U1 initiates the process by recognizing the 5′ splice site. U2 then binds the branch point. The U4/U6 and U5 snRNPs arrive together as a tri-snRNP particle. U4 and U6 are base-paired to each other, but during activation U4 is released, freeing U6 to form the catalytic core alongside U2. U5 positions the two exons so they can be joined accurately. The RNA components of U2 and U6 are thought to form the catalytic heart of the spliceosome, making it fundamentally an RNA-based enzyme.

A Second Spliceosome for Rare Introns

A small fraction of introns don’t follow the GU-AG rule and can’t be processed by the major spliceosome. These U12-type introns are handled by a separate minor spliceosome containing its own specialized snRNPs: U11, U12, U4atac, and U6atac. Only U5 is shared between the two machines. The minor spliceosome has just seven unique protein components, all located in a preformed U11/U12 unit that recognizes both the 5′ splice site and branch point cooperatively, without needing the pyrimidine tract or U2AF. Despite its distinct parts, the minor spliceosome follows the same general two-step chemistry.

Proteins That Control Which Introns Are Removed

Not every intron is removed the same way every time. Regulatory proteins influence which splice sites the spliceosome selects, producing different mature mRNAs from the same gene. This process, called alternative splicing, is how roughly 20,000 human genes can encode far more than 20,000 proteins.

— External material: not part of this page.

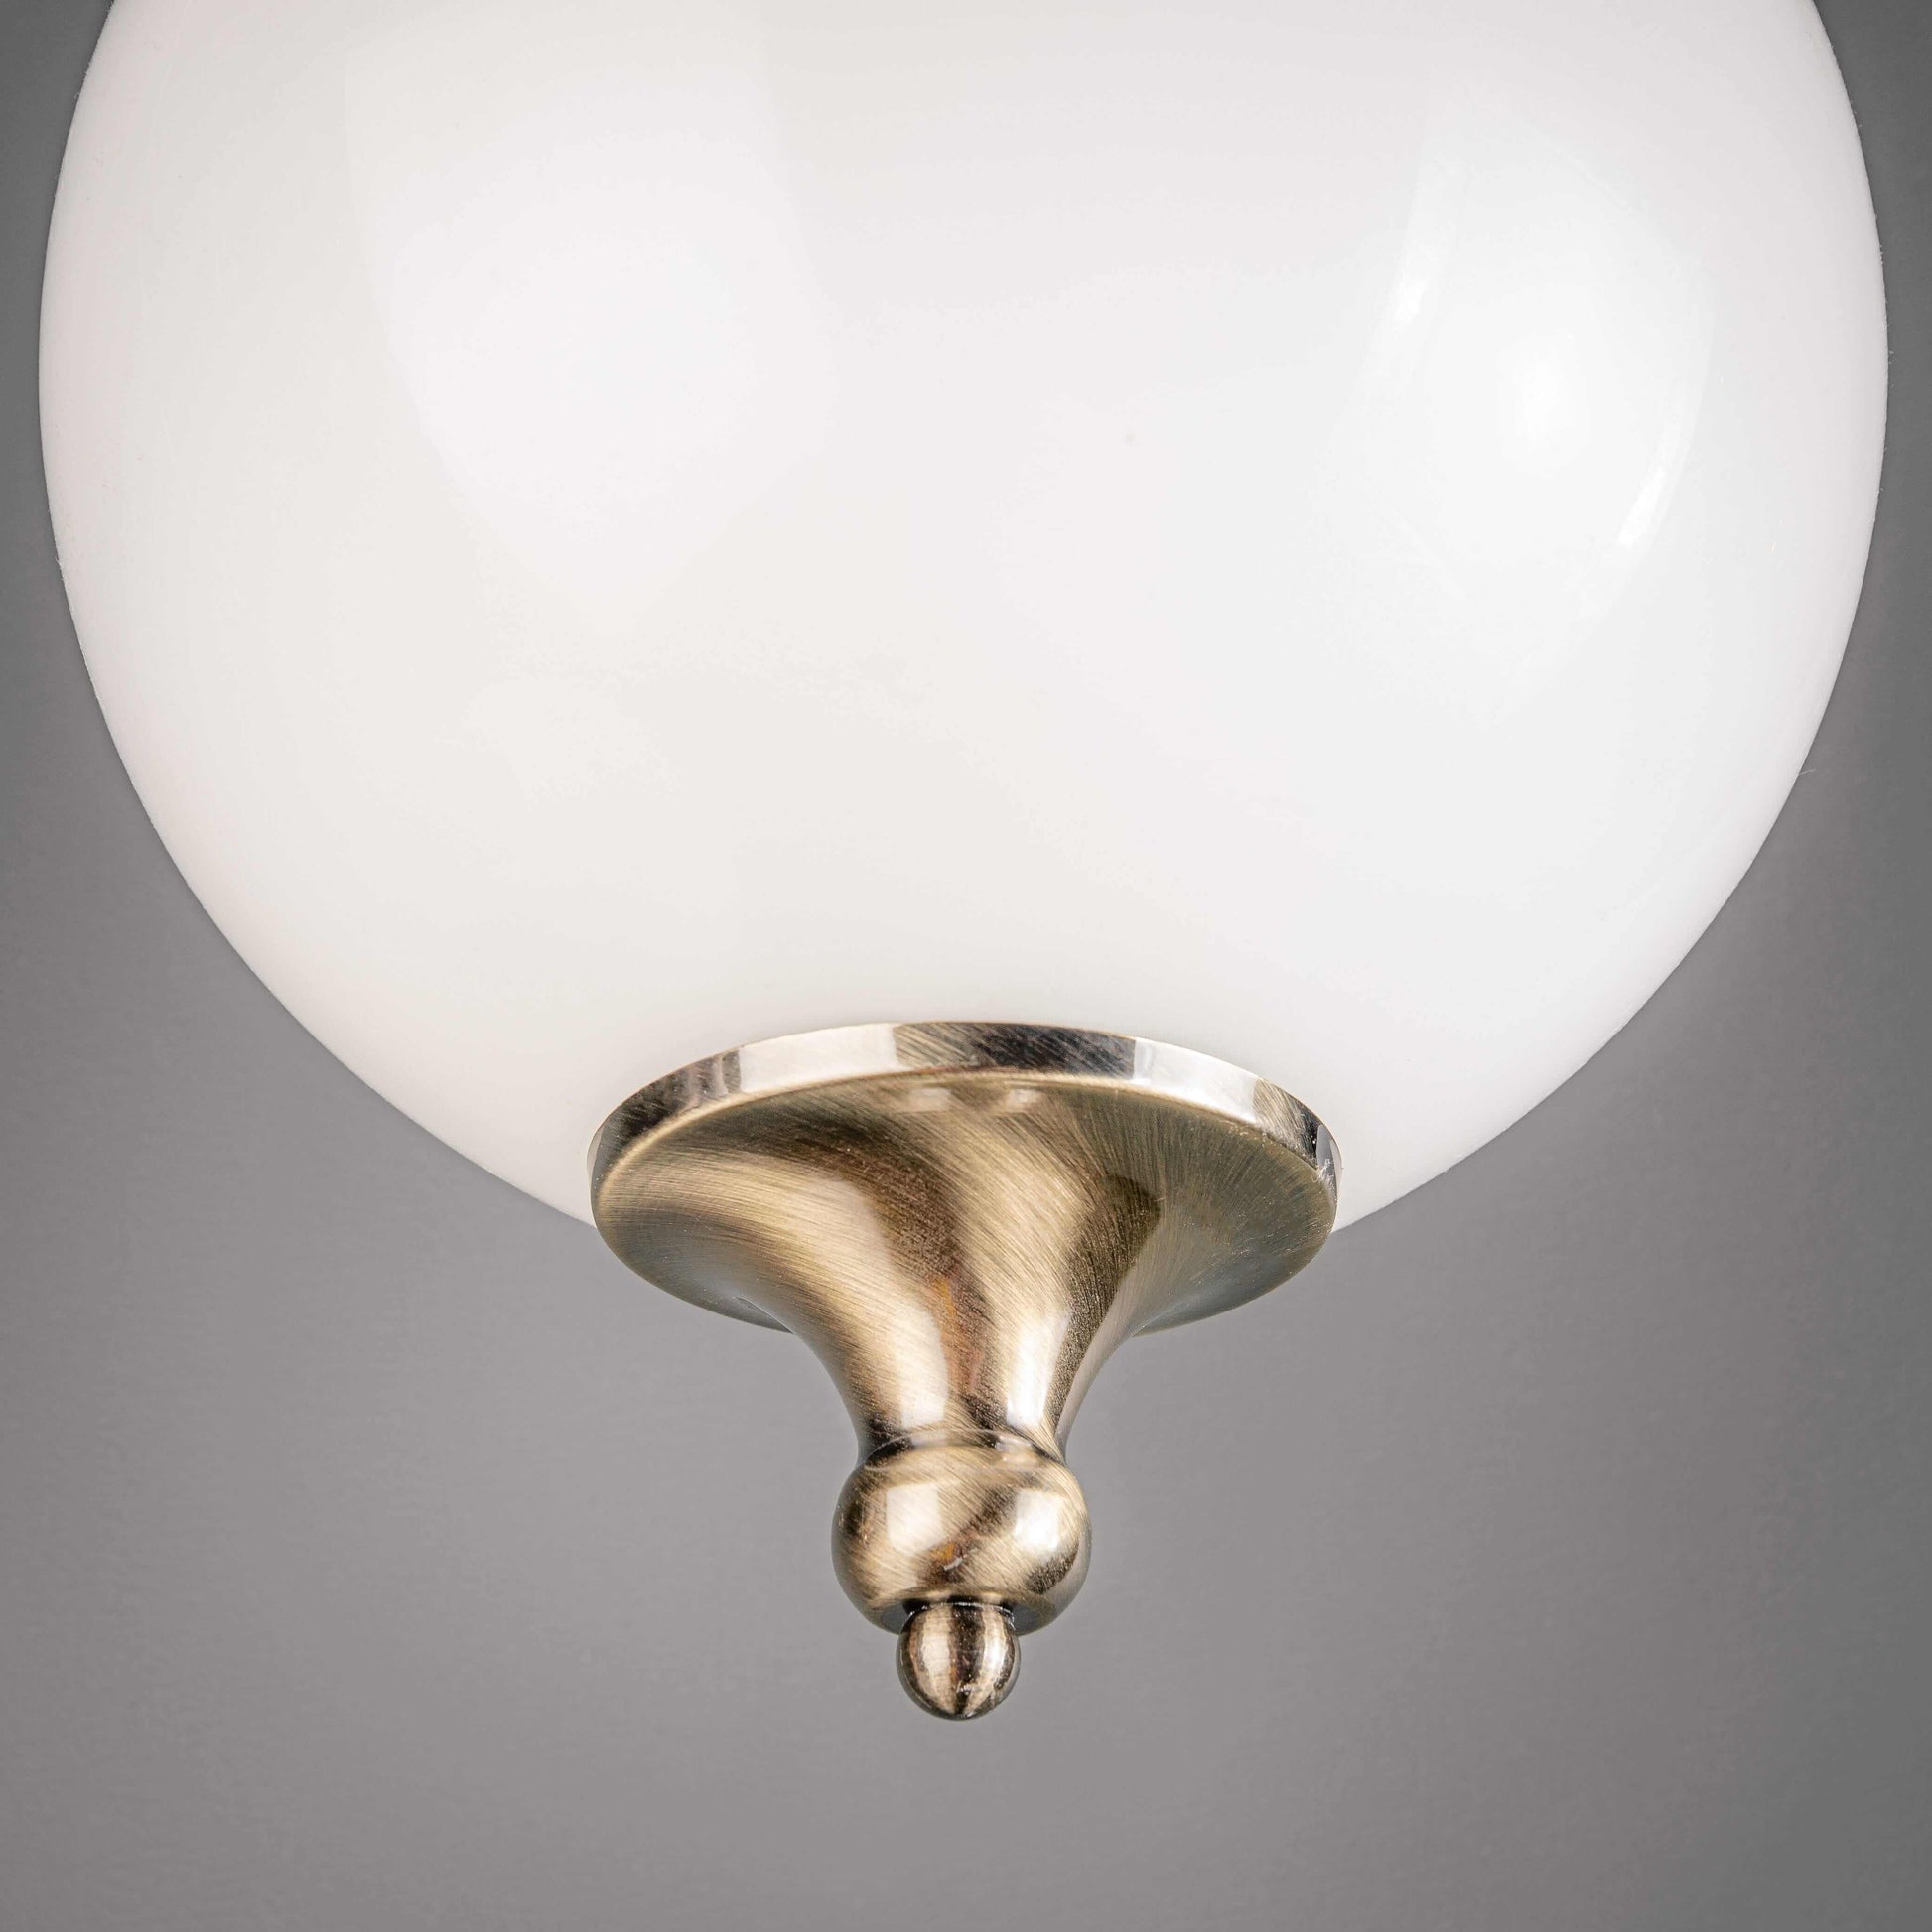 Lights  -  Antique Brass Pendant Ceiling Light  -  50113630

Two major families of proteins pull the strings. SR proteins generally bind to enhancer sequences on the RNA and promote splicing by helping the spliceosome recognize weak splice sites. They’re especially important for including alternative exons that might otherwise be skipped. Their effect depends on where they bind: SR proteins attached to an exon typically enhance its inclusion, while the same proteins bound to an intron can suppress splicing at that site. Working in opposition, hnRNP proteins tend to bind silencer sequences and block the spliceosome, repressing splicing at specific locations. The balance between these two families determines which version of the mRNA gets made.

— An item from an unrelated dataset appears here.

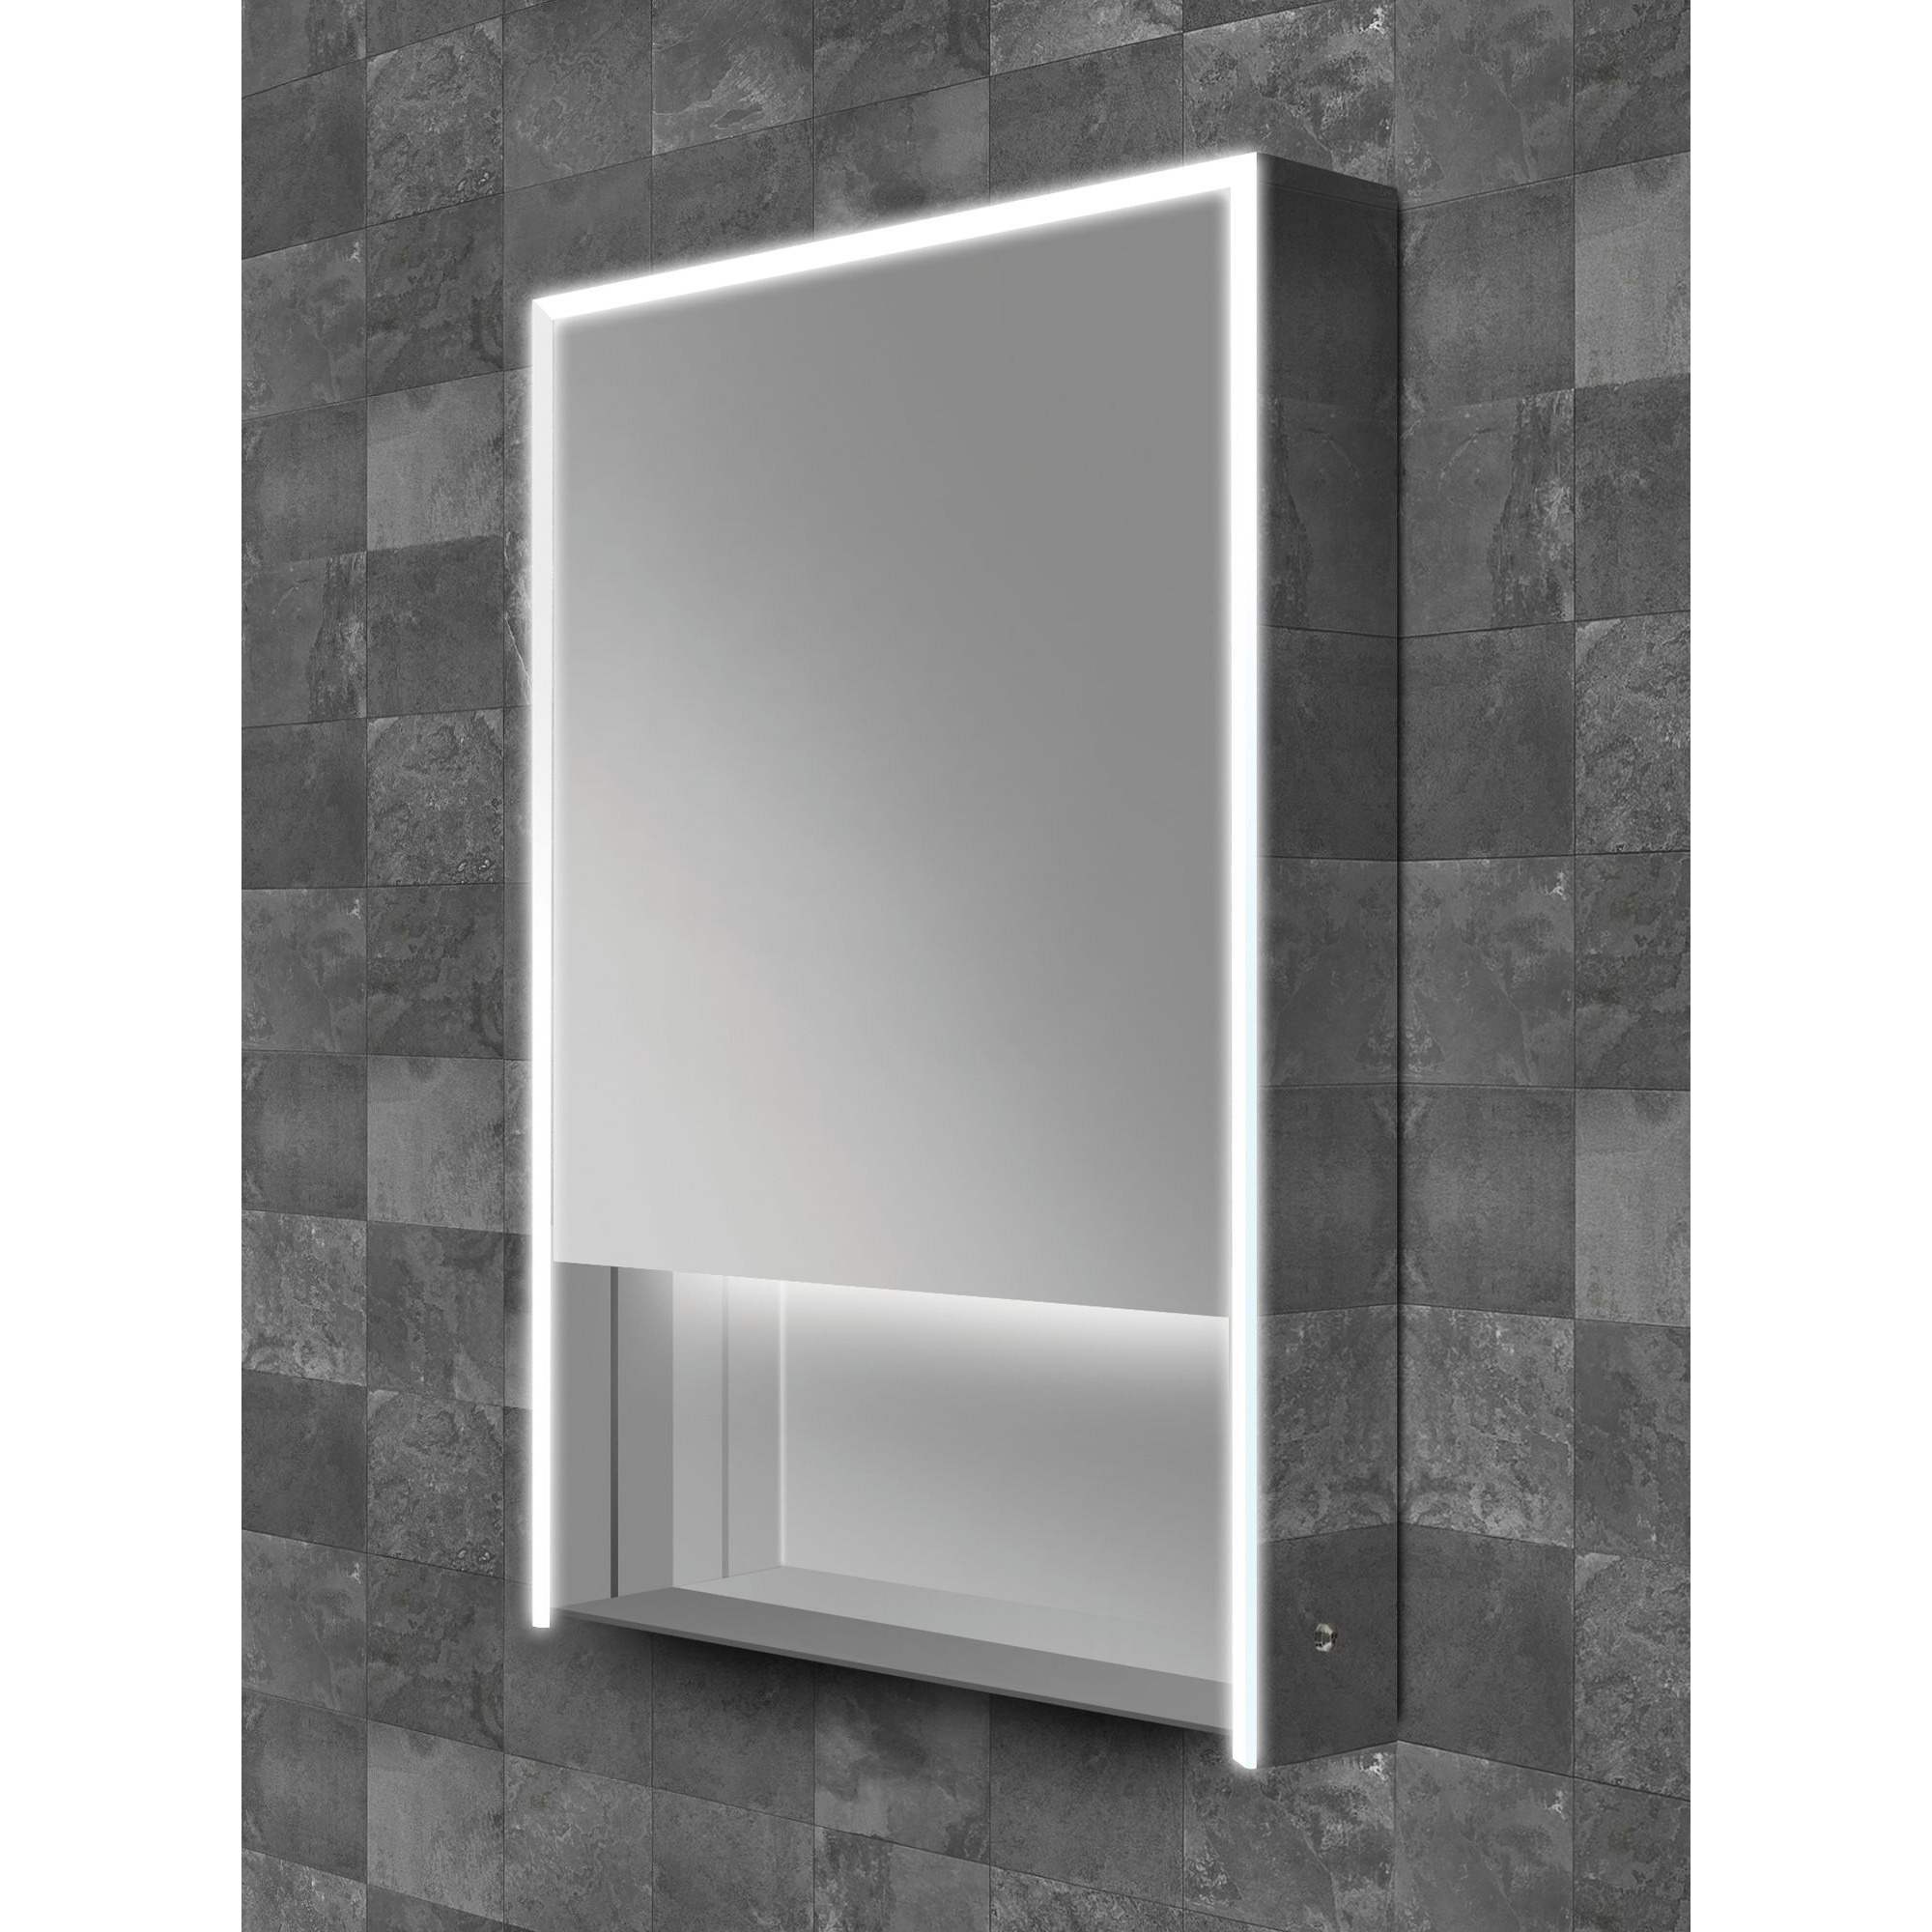 John Lewis Shelf Single Mirrored and Illuminated Bathroom Cabinet - image 1

The most common form of alternative splicing in vertebrates is exon skipping, accounting for about 30% of events. Other patterns include the use of alternative 5′ or 3′ splice sites (roughly 25% combined), mutually exclusive exons, and intron retention, where an intron is deliberately left in the mature mRNA.

Self-Splicing Introns

Not all introns need a spliceosome. Group I and Group II introns are ribozymes, RNA molecules that catalyze their own removal. Group I introns, first discovered in the single-celled organism Tetrahymena, splice using a free guanosine molecule and magnesium ions as their only requirements. No external energy source is needed because bond breaking and bond forming are coupled in a single reversible reaction. These introns appear in ribosomal RNA, transfer RNA, and protein-coding genes, particularly in fungal and plant mitochondria, chloroplasts, and some bacteria and bacteriophage.

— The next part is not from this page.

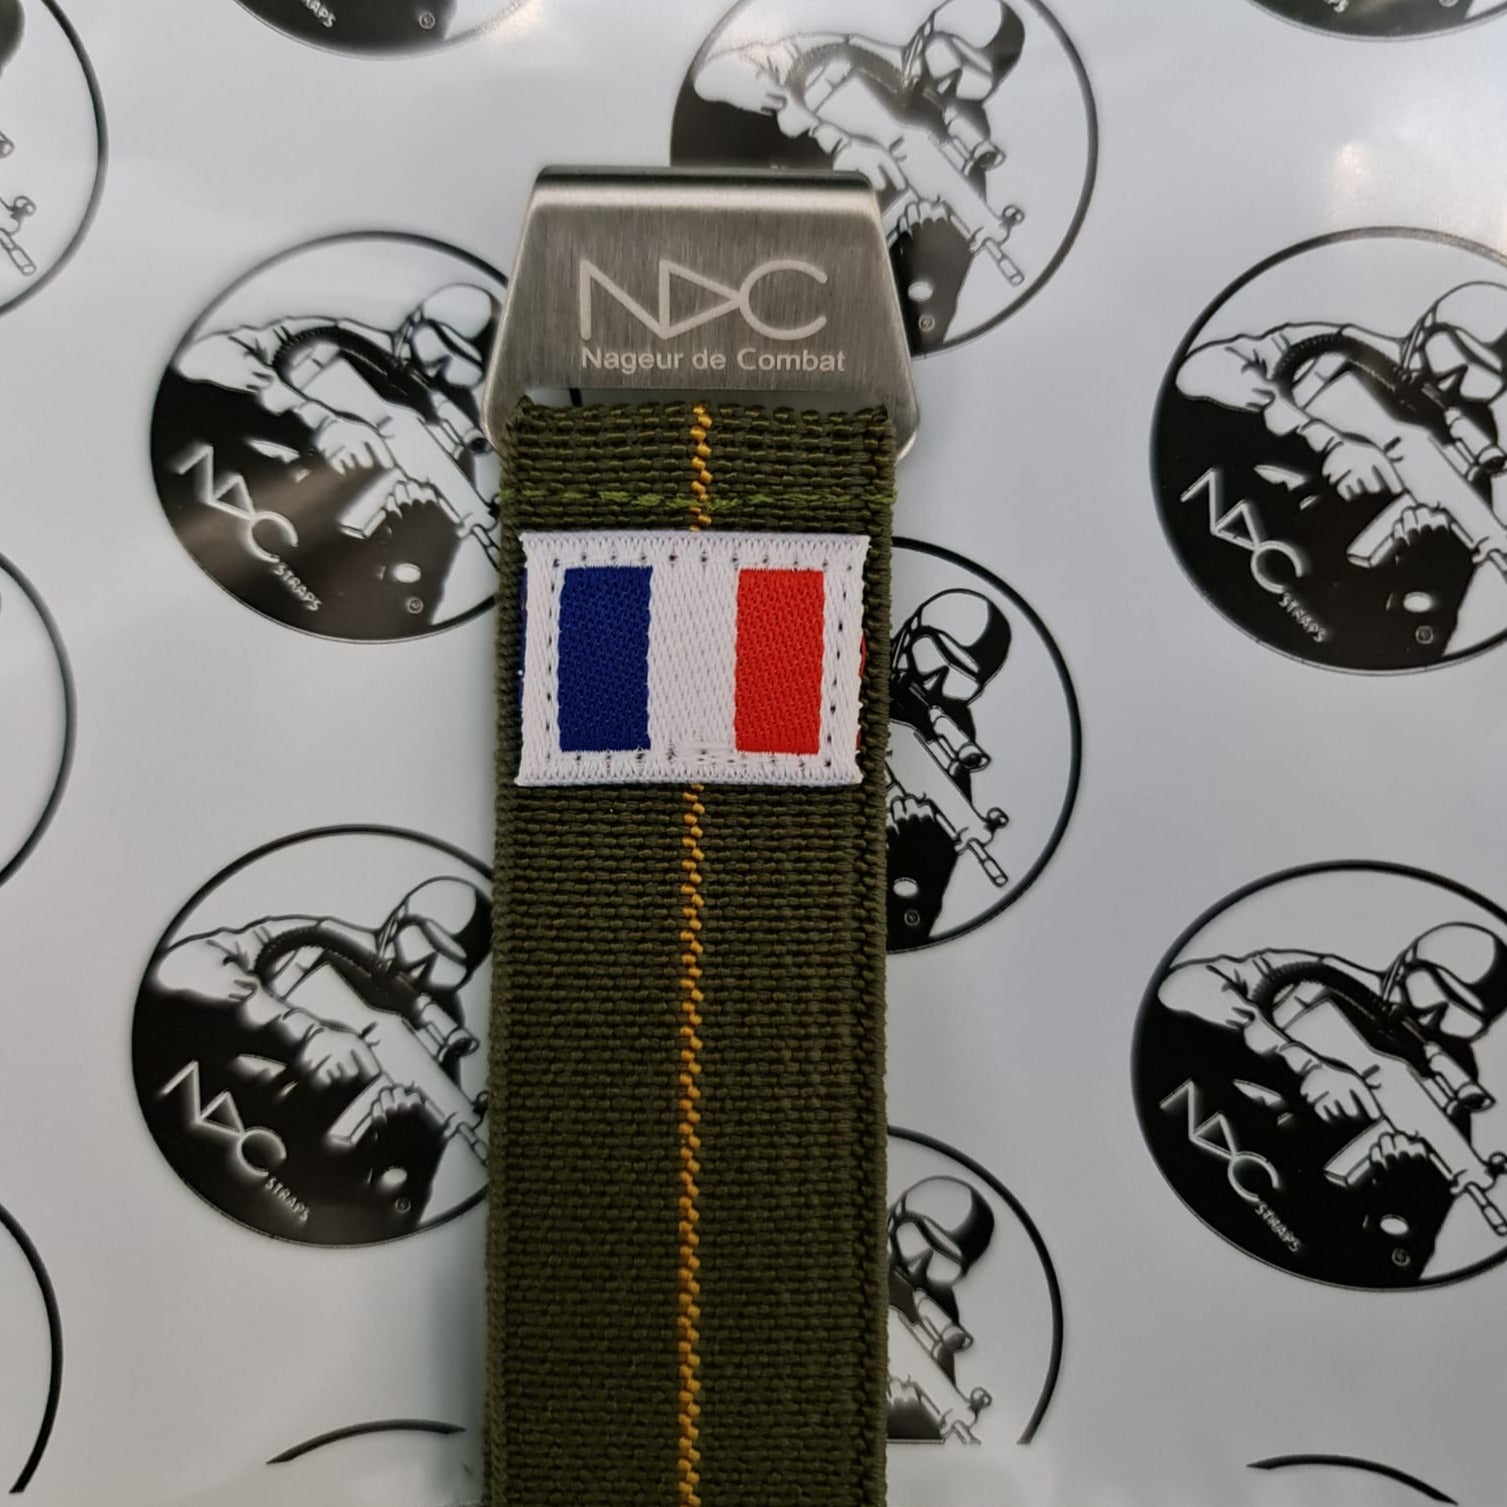 Original NDC strap - with French flag - NDC Straps

Group II introns use a mechanism strikingly similar to the spliceosome’s: they form a lariat intermediate through a 2′-5′ bond at an internal adenosine, just like spliceosomal introns. This resemblance has led many biologists to view Group II introns as the evolutionary ancestors of the spliceosome. Group II introns are found in fungal and plant mitochondria and in chloroplasts, mostly within protein-coding genes. In laboratory conditions, they self-splice only slowly and at high temperatures with elevated magnesium concentrations, suggesting that in living cells they normally rely on helper proteins.

Why Splicing Errors Matter

An estimated 50% of disease-causing mutations in humans disrupt the splicing process, most often by altering the conserved sequences at canonical splice sites. When the spliceosome misreads a boundary, it can skip an essential exon, include part of an intron, or shift the reading frame so the resulting protein is truncated or nonfunctional. Diseases linked to splicing defects range from certain cancers to neurodegenerative disorders and immune deficiencies. The sheer frequency of splicing-related mutations reflects how precisely the system must operate across billions of transcripts, and how many sequence elements it depends on to get each cut right.